Scientific classification
- Kingdom: Animalia
- Phylum: Chordata
- Class: Actinopterygii
- Order: Myctophiformes
- Family: Myctophidae
- Genus: Notoscopelus
- Species: N. elongatus
- Binomial name: Notoscopelus elongatus (Costa, 1844)
- Synonyms: Lampanyctus elongatus (Costa, 1844); Myctophum elongatum (Costa, 1844); Myctophum elongatus (Costa, 1844); Notoscopelus (Notoscopelus) elongatus (Costa, 1844); Scopelus elongatus Costa, 1844; Scopelus pseudocrocodilus Moreau, 1891;

= Notoscopelus elongatus =

- Authority: (Costa, 1844)
- Conservation status: LC
- Synonyms: Lampanyctus elongatus (Costa, 1844), Myctophum elongatum (Costa, 1844), Myctophum elongatus (Costa, 1844), Notoscopelus (Notoscopelus) elongatus (Costa, 1844), Scopelus elongatus Costa, 1844, Scopelus pseudocrocodilus Moreau, 1891

Species of fish

Notoscopelus elongatus is a species of lanternfish in the family Myctophidae. It is endemic to the Mediterranean Sea where it is found in deep water habitats, rising to near the surface to feed at night and descending to great depths by day. It is a common species with no particular threats, and the International Union for Conservation of Nature has listed its conservation status as being of least concern.

==Description==
Notoscopelus elongatus is a fairly small lanternfish, growing to a maximum length of about 106 mm.

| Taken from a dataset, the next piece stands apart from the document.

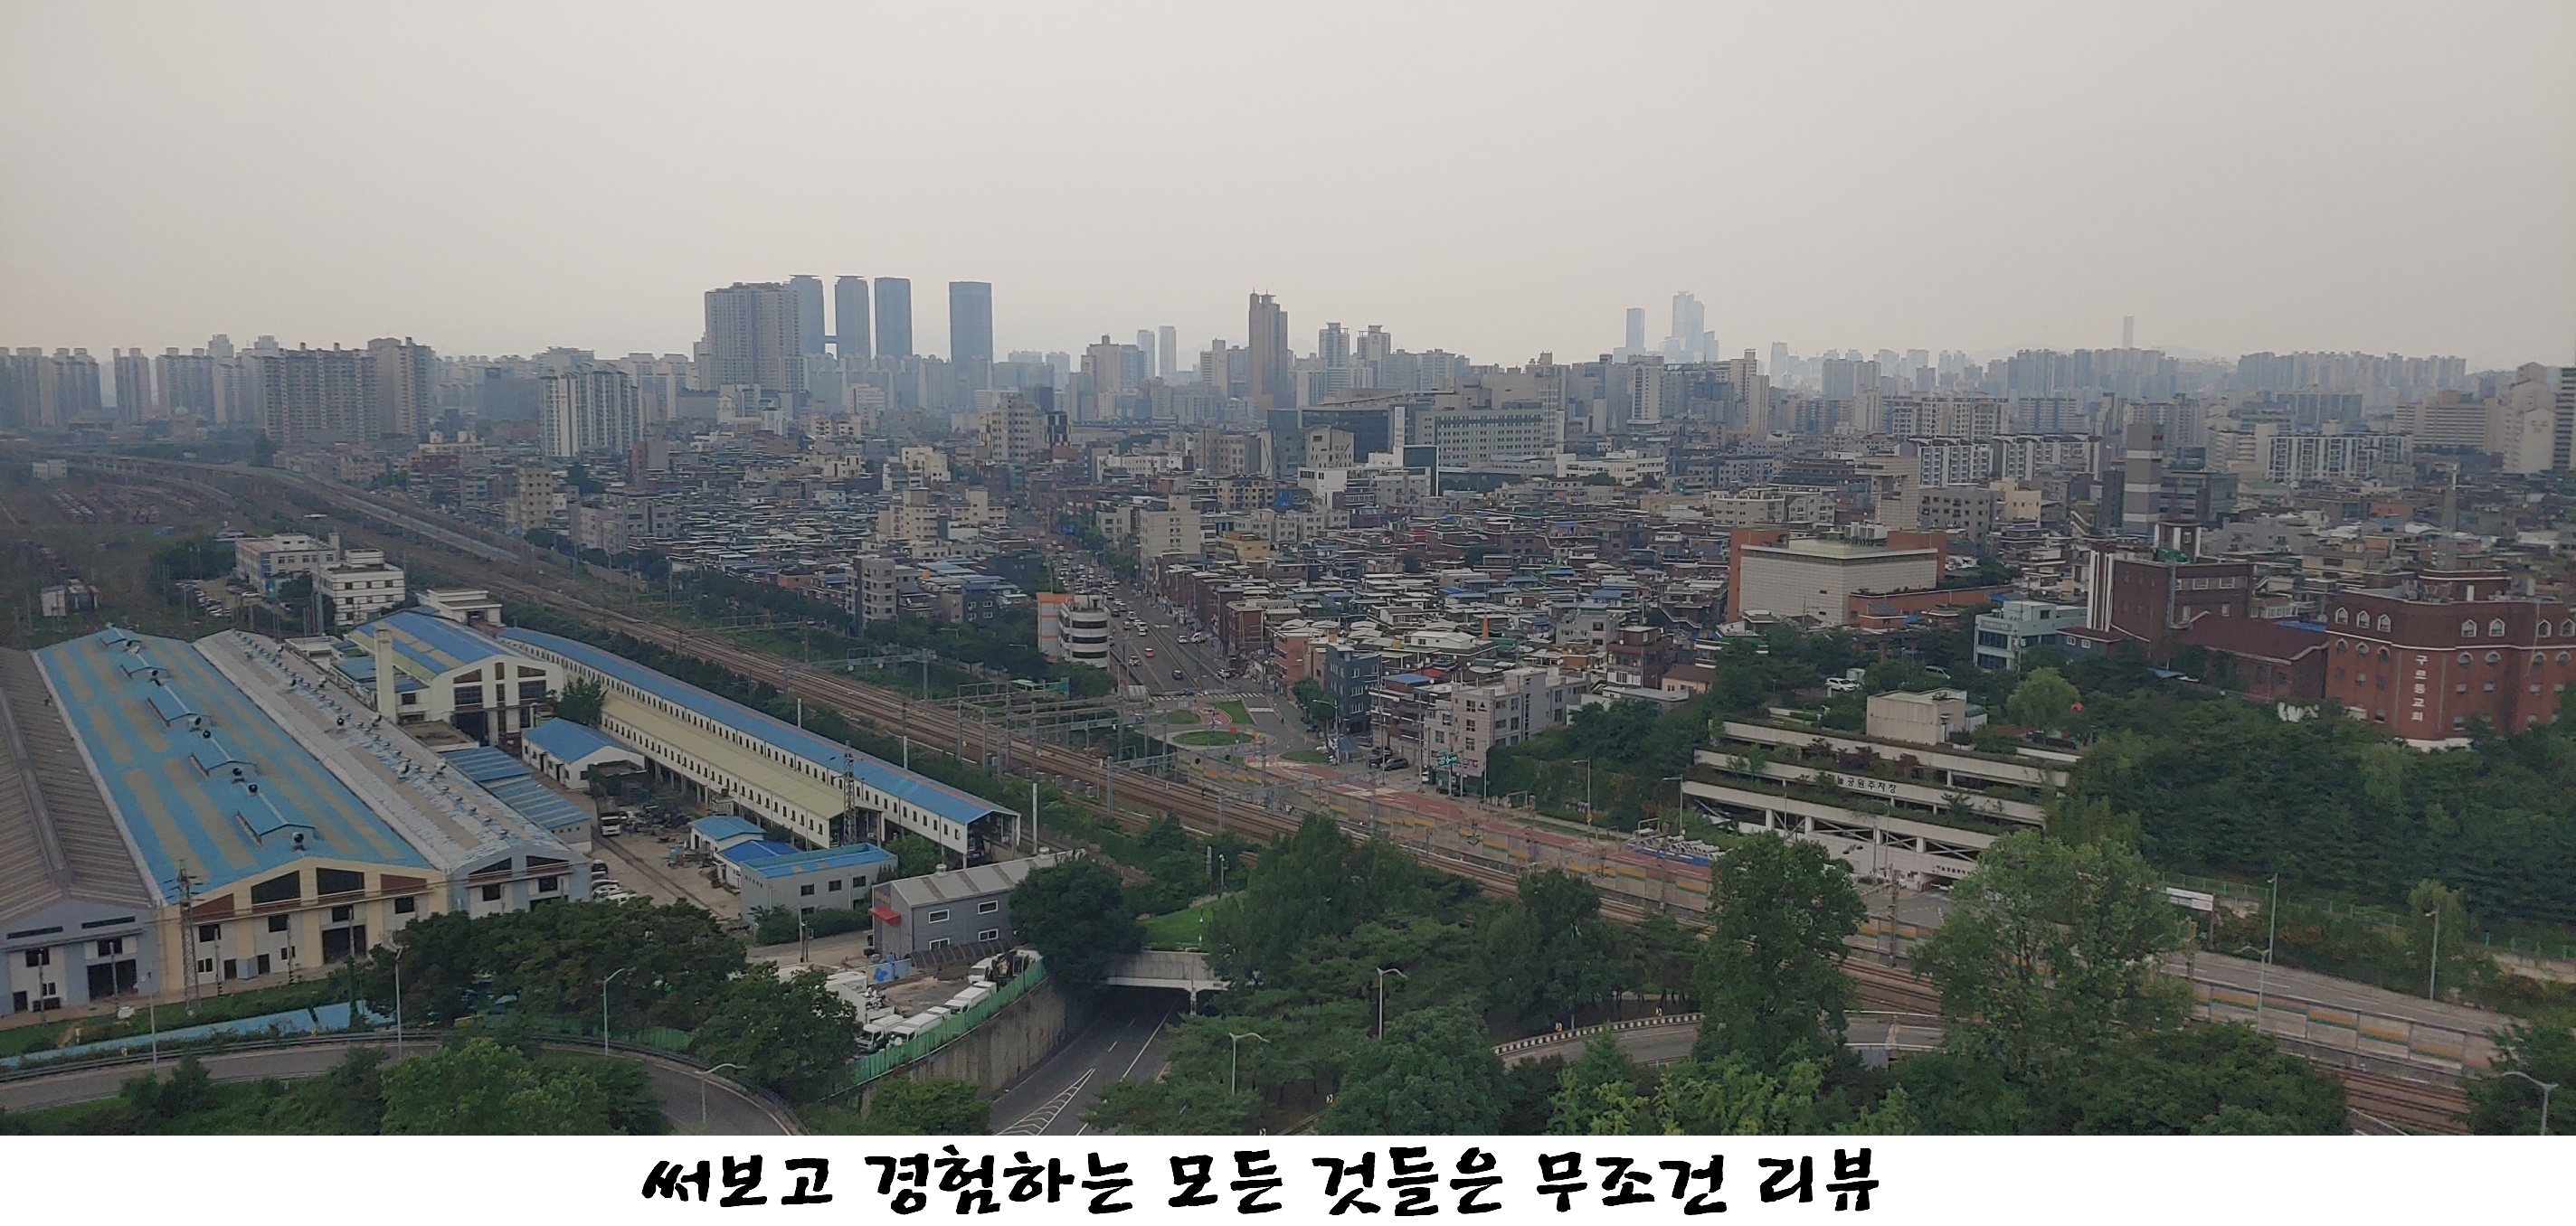 220704&#44; Seoul&#44; 사진&#44; 서울&#44; 풍경&#44; 하늘

The number of soft rays in the dorsal fin is 21 to 23, in the anal fin 18 to 19, and in the pectoral fins, 12 to 13. There is a distinctive arrangement of photophores (light-emitting organs) on the head and body. At a length of about 52 mm, males develop luminous, glandular patches on the dorsal surface of the caudal peduncle. It is very similar in morphology to Notoscopelus kroyeri but differs in having 23 to 25 gill rakers whereas N. kroyeri has 26 to 29.

==Distribution==
N. elongatus is endemic to the Mediterranean Sea where it is found in greatest abundance in the Western Basin and the Ligurian Sea and Tyrrhenian Sea. During the day it occurs at depths between about 375 and 1000 m and at night it makes a vertical migration and rises to 45 and 150 m to feed. The purpose of the daily migration is probably to feed at night in the plankton-rich surface waters but avoid predators during the day in the ocean depths. If the fish takes six to twelve hours to digest its food, this cycle of activity serves to transfer nutrients from surface waters to much greater depths.